TODO-list: check this out!
classification:
Model | Model Type | Reference | Link to Wrench |
---|---|---|---|
Majority Voting | Label Model | -- | link |
Weighted Majority Voting | Label Model | -- | link |
Dawid-Skene | Label Model | link | link |
Data Progamming | Label Model | link | link |
MeTaL | Label Model | link | link |
FlyingSquid | Label Model | link | link |
Logistic Regression | End Model | -- | link |
MLP | End Model | -- | link |
BERT | End Model | link | link |
COSINE | End Model | link | link |
Denoise | Joint Model | link | link |
WeaSEL | Joint Model | link | link |
sequence tagging:
Model | Model Type | Reference | Link to Wrench |
---|---|---|---|
Hidden Markov Model | Label Model | link | link |
Conditional Hidden Markov Model | Label Model | link | link |
LSTM-CNNs-CRF | End Model | link | link |
BERT-CRF | End Model | link | link |
LSTM-ConNet | Joint Model | link | link |
BERT-ConNet | Joint Model | link | link |
classification-to-sequence-tagging wrapper:
Wrench also provides a SeqLabelModelWrapper
that adaptes label model for classification task to sequence tagging task.

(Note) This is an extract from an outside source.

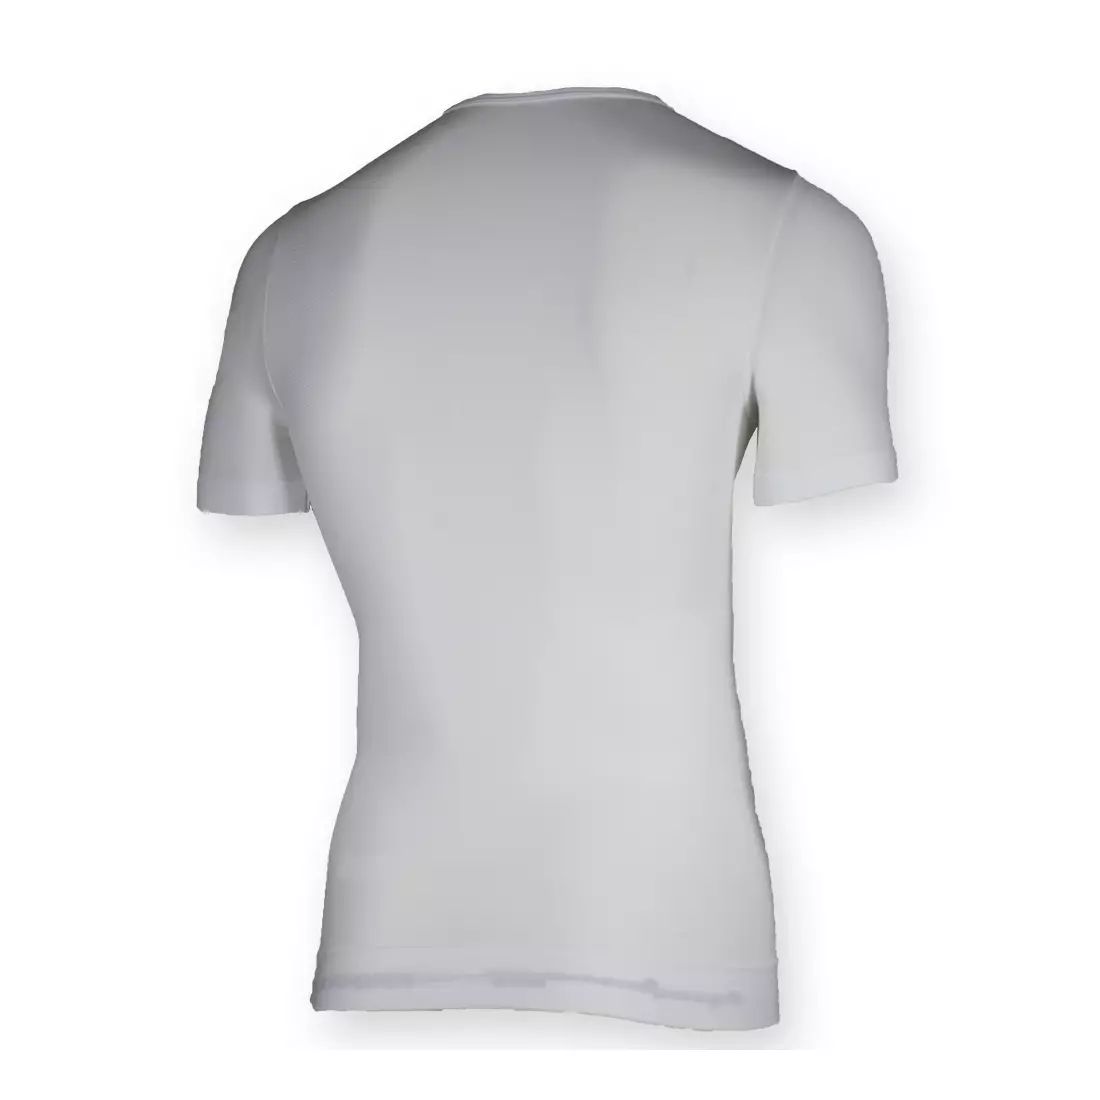 ROGELLI CHASE 070.003 - lenjerie termică - tricou bărbați - culoare: alb

methods from related domains:
Robust Learning methods as end model:
Model | Model Type | Reference | Link to Wrench |
---|---|---|---|
Meta-Weight-Net | End Model | link | link |
Learning2ReWeight | End Model | link | link |
Semi-Supervised Learning methods as end model:
Model | Model Type | Reference | Link to Wrench |
---|---|---|---|
MeanTeacher | End Model | link | link |
Weak Supervision with cleaned labels (Semi-Weak Supervision):
Model | Model Type | Reference | Link to Wrench |
---|---|---|---|
ImplyLoss | Joint Model | link | link |
ASTRA | Joint Model | link | link |
🔧 Quick examples
🔧 Label model with parallel grid search for hyper-parameters
import logging
import numpy as np
import pprint
from wrench.dataset import load_dataset
from wrench.logging import LoggingHandler
from wrench.search import grid_search
from wrench import labelmodel
from wrench.evaluation import AverageMeter
#### Just some code to print debug information to stdout
logging.basicConfig(format='%(asctime)s - %(message)s',
datefmt='%Y-%m-%d %H:%M:%S',
level=logging.INFO,
handlers=[LoggingHandler()])
logger = logging.getLogger(__name__)
#### Load dataset
dataset_home = '../datasets'
data = 'youtube'
train_data, valid_data, test_data = load_dataset(dataset_home, data, extract_feature=False)
#### Specify the hyper-parameter search space for grid search
search_space = {
'Snorkel': {
'lr': np.logspace(-5, -1, num=5, base=10),
'l2': np.logspace(-5, -1, num=5, base=10),
'n_epochs': [5, 10, 50, 100, 200],
}
}
#### Initialize label model
label_model_name = 'Snorkel'
label_model = getattr(labelmodel, label_model_name)
#### Search best hyper-parameters using validation set in parallel
n_trials = 100
n_repeats = 5
target = 'acc'
searched_paras = grid_search(label_model(), dataset_train=train_data, dataset_valid=valid_data,
metric=target, direction='auto', search_space=search_space[label_model_name],
n_repeats=n_repeats, n_trials=n_trials, parallel=True)
#### Evaluate the label model with searched hyper-parameters and average meter
meter = AverageMeter(names=[target])
for i in range(n_repeats):
model = label_model(**searched_paras)
history = model.fit(dataset_train=train_data, dataset_valid=valid_data)
metric_value = model.test(test_data, target)
meter.update(target=metric_value)
metrics = meter.get_results()
pprint.pprint(metrics)
For detailed guidance of grid_search
, please check out this wiki page.
🔧 Run a standard supervised learning pipeline
import logging
import torch
from wrench.dataset import load_dataset
from wrench.logging import LoggingHandler
from wrench.endmodel import MLPModel
#### Just some code to print debug information to stdout
logging.basicConfig(format='%(asctime)s - %(message)s',
datefmt='%Y-%m-%d %H:%M:%S',
level=logging.INFO,
handlers=[LoggingHandler()])
logger = logging.getLogger(__name__)
#### Load dataset
dataset_home = '../datasets'
data = 'youtube'
#### Extract data features using pre-trained BERT model and cache it
extract_fn = 'bert'
model_name = 'bert-base-cased'
train_data, valid_data, test_data = load_dataset(dataset_home, data, extract_feature=True, extract_fn=extract_fn,
cache_name=extract_fn, model_name=model_name)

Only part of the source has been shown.